Landkreis Holzminden (red). Die Regionalmarke „Echt!“ der Solling-Vogler-Region wächst weiter: Fünf neue Betriebe wurden jetzt ausgezeichnet. Damit zählt die Regionalmarke „Echt!“ inzwischen 63 Mitglieder und steht für regionale Qualität, kurze Wege und Heimatverbundenheit.

Wesermost: Junge Gründer, regionale Früchte, neue Ideen

Zu den neuen Mitgliedern gehört die Wesermost UG aus Ottenstein. Hinter dem Betrieb stehen Jannes Lange, Christoph Schaper und Julius Reiner, die gemeinsam mit ihren Familien regionales Obst zu besonderen Getränken veredeln. Zertifiziert wurden unter anderem Apfelcider, Birne-Zimt-Likör und Apfel-Kirsch-Secco.

Besonders ist dabei nicht nur das Sortiment, sondern auch die Haltung dahinter: Die Früchte stammen aus der Region, verarbeitet wird vor Ort und auch alte Obstsorten spielen eine wichtige Rolle. Die „Echt!“-Urkunde wurde den Gründern im Rahmen des Sound of Wine Festivals von Sebastian Rode, Samtgemeindebürgermeister der Samtgemeinde Bodenwerder-Polle, überreicht.

Im Rahmen des Sound of Wine Festivals nahmen Jannes Lange, Christoph Schaper und Julius Reiner von der Wesermost UG ihre Echt!-Urkunde von Bürgermeister der Samtgemeinde Bodenwerder-Polle Sebastian Rode entgegen.
Neue Zertifizierung für besondere Imkereiprodukte

Bereits seit 2014 ist die Ökologische Imkerei Oberweser von Berthold Schrimpf aus Uslar-Fürstenhagen Teil der Regionalmarke. Neu zertifiziert wurden dort weitere Spezialitäten: Bioland-Apfel-Quitten-Honigweinbrand, Bio-Johannisbeer-Honigwein und ein Bioland-Essig-Aperitif. Damit wächst auch innerhalb bestehender Mitgliedsbetriebe das Angebot regional ausgezeichneter Produkte weiter.

Timmermanns Hof erhält Auszeichnung

Ebenfalls ausgezeichnet wurde der Ferienbauernhof Timmermanns Hof in Ottenstein-Lichtenhagen. Der traditionsreiche Familienbetrieb steht für Urlaub auf dem Bauernhof und ein naturnahes Hofleben mit Tieren, Weitläufigkeit und direktem Kontakt zur Landwirtschaft. Mit dem „Echt!“-Siegel ausgezeichnet wurden die Freilandeier und Freilandhähnchen des Hofes.

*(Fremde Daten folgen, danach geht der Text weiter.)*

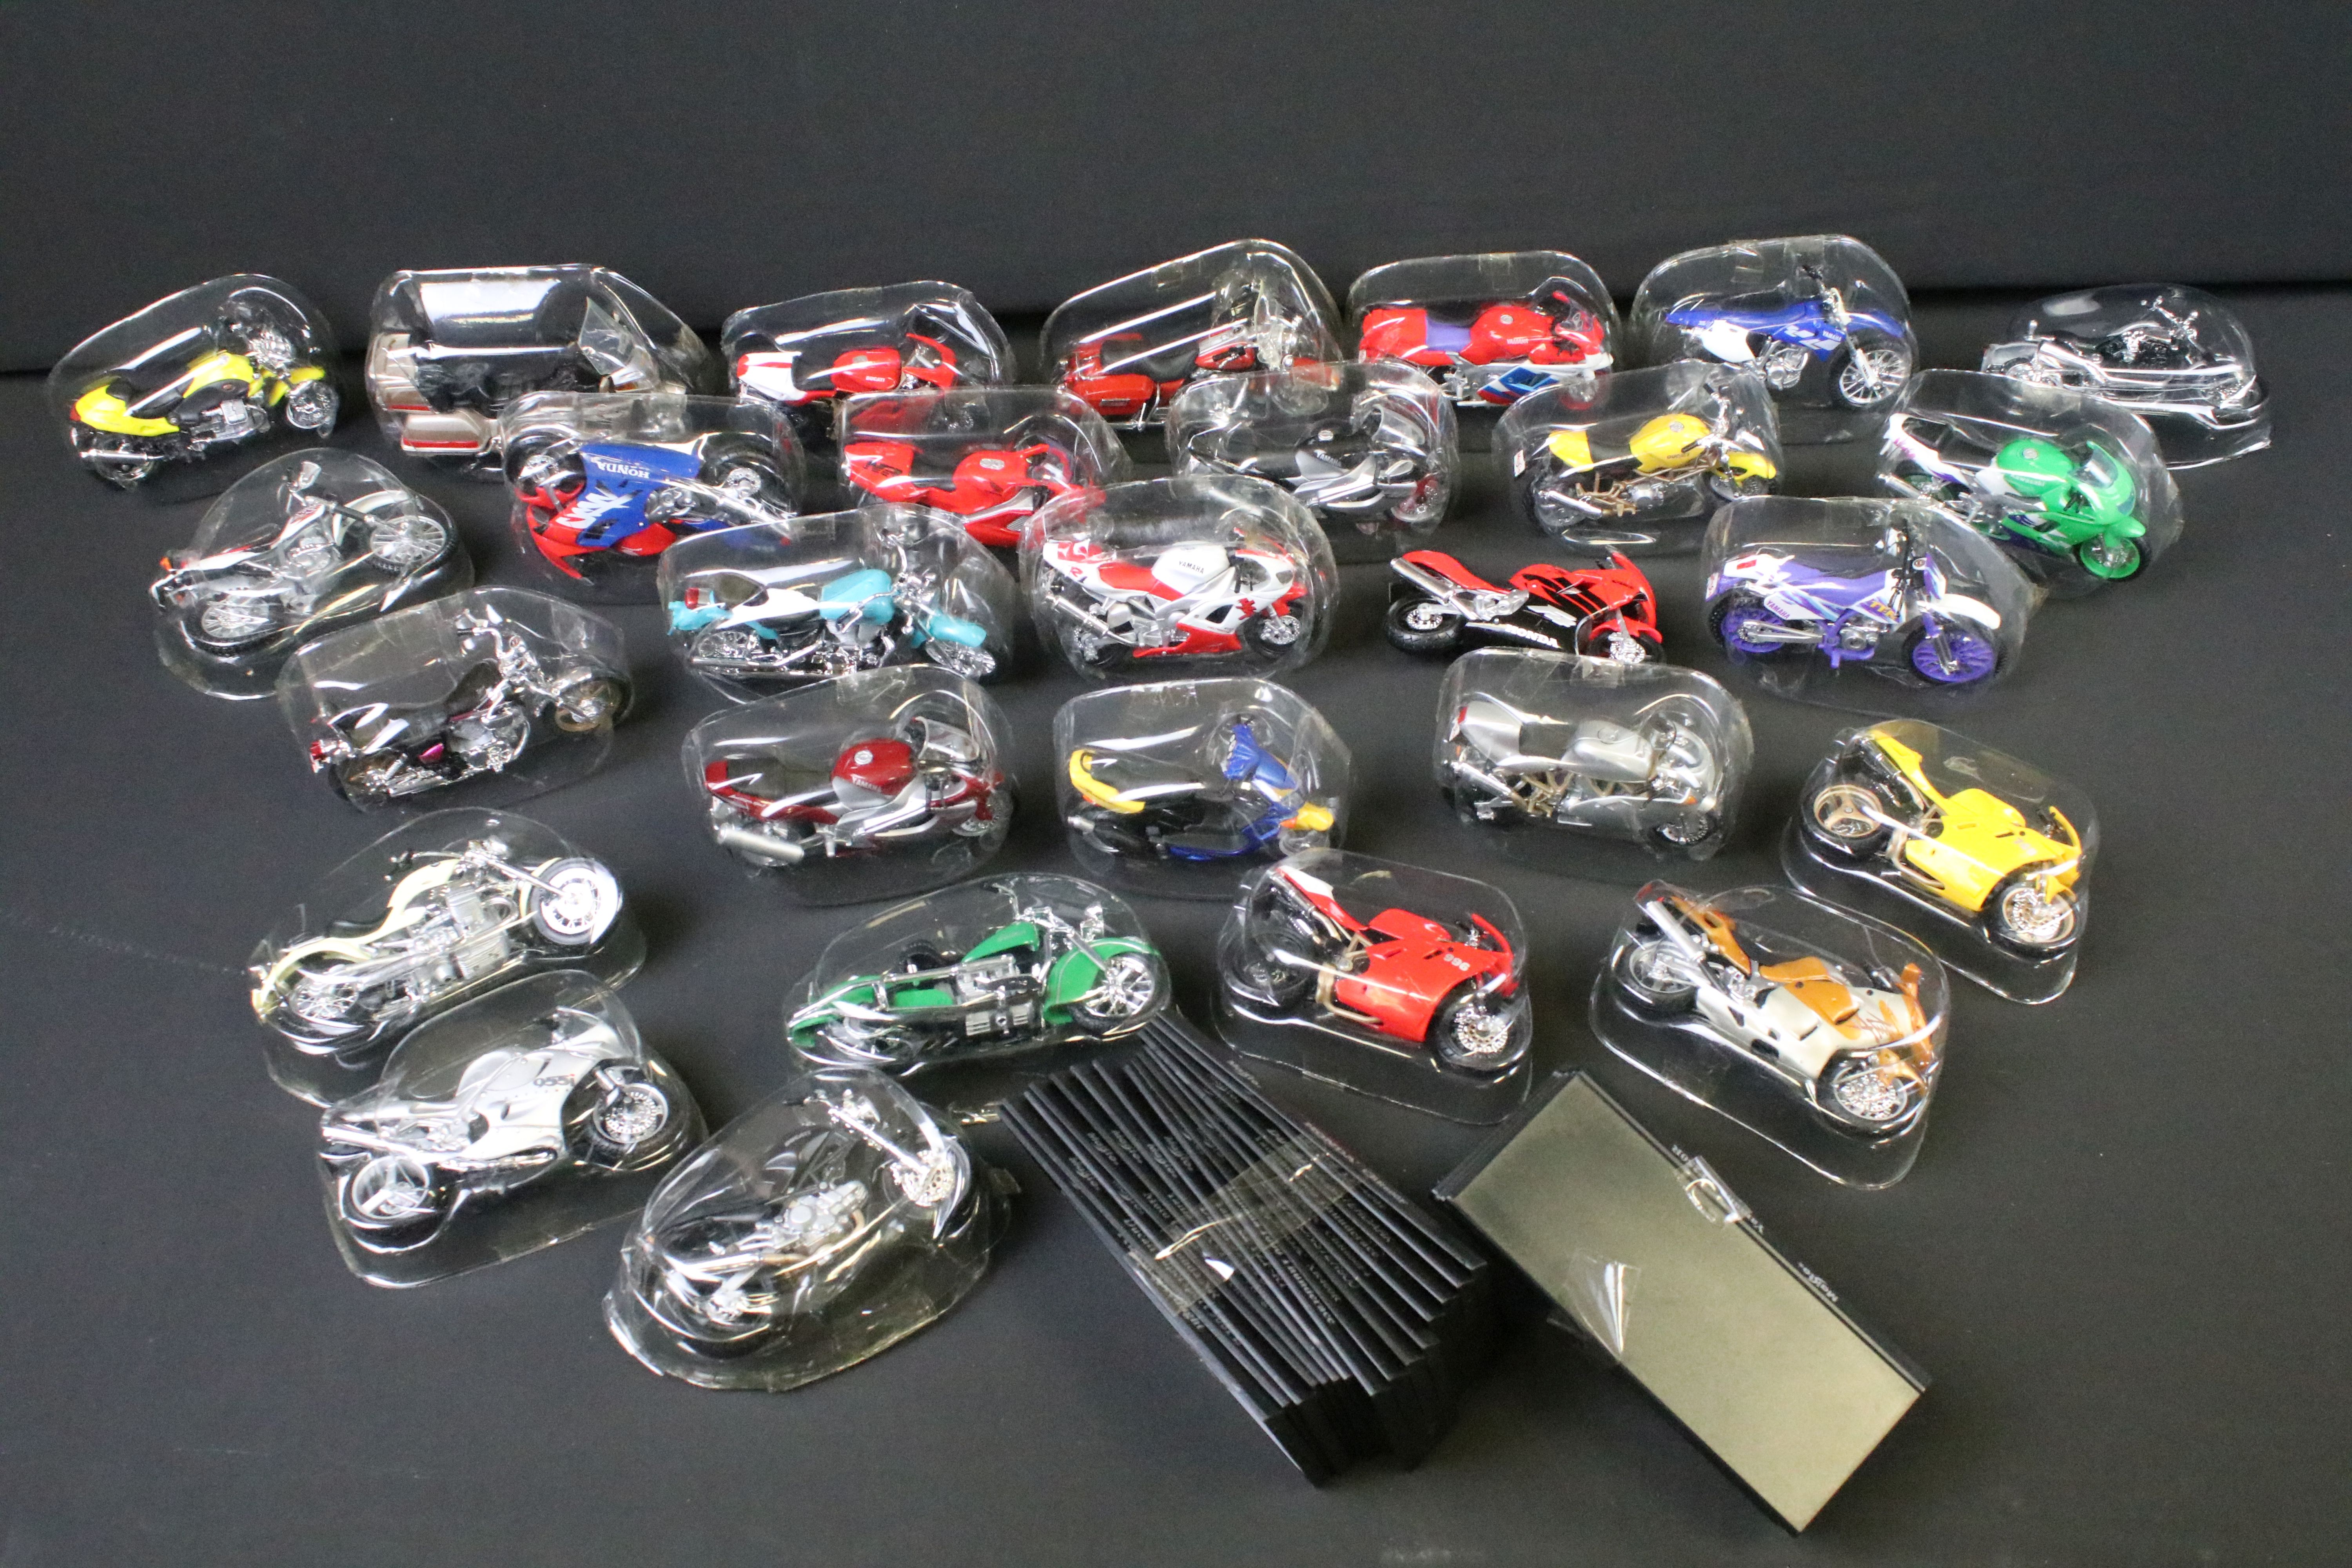 28 Maisto diecast motorbike models, all with plastic packaging and bases, ex

Für ihre Freilandeier und Freilandhähnchen wurde Timmermanns Hof in Ottenstein-Lichtenhagen mit der Regionalmarke Echt! ausgezeichnet. Die Urkunde überreichten Samtgemeindebürgermeister Bodenwerder-Polle Sebastian Rode und Bürgermeisterin Ottenstein Diana Lönnecker.
Gastronomie setzt auf Regionalität

Auch in der Gastronomie wächst die Regionalmarke weiter. Das familiengeführte Gasthaus „Zum Lindenwirt“ in Wesertal-Weißehütte wurde für seine hausgemachte Kartoffelpfanne mit dem „Echt!“-Siegel ausgezeichnet.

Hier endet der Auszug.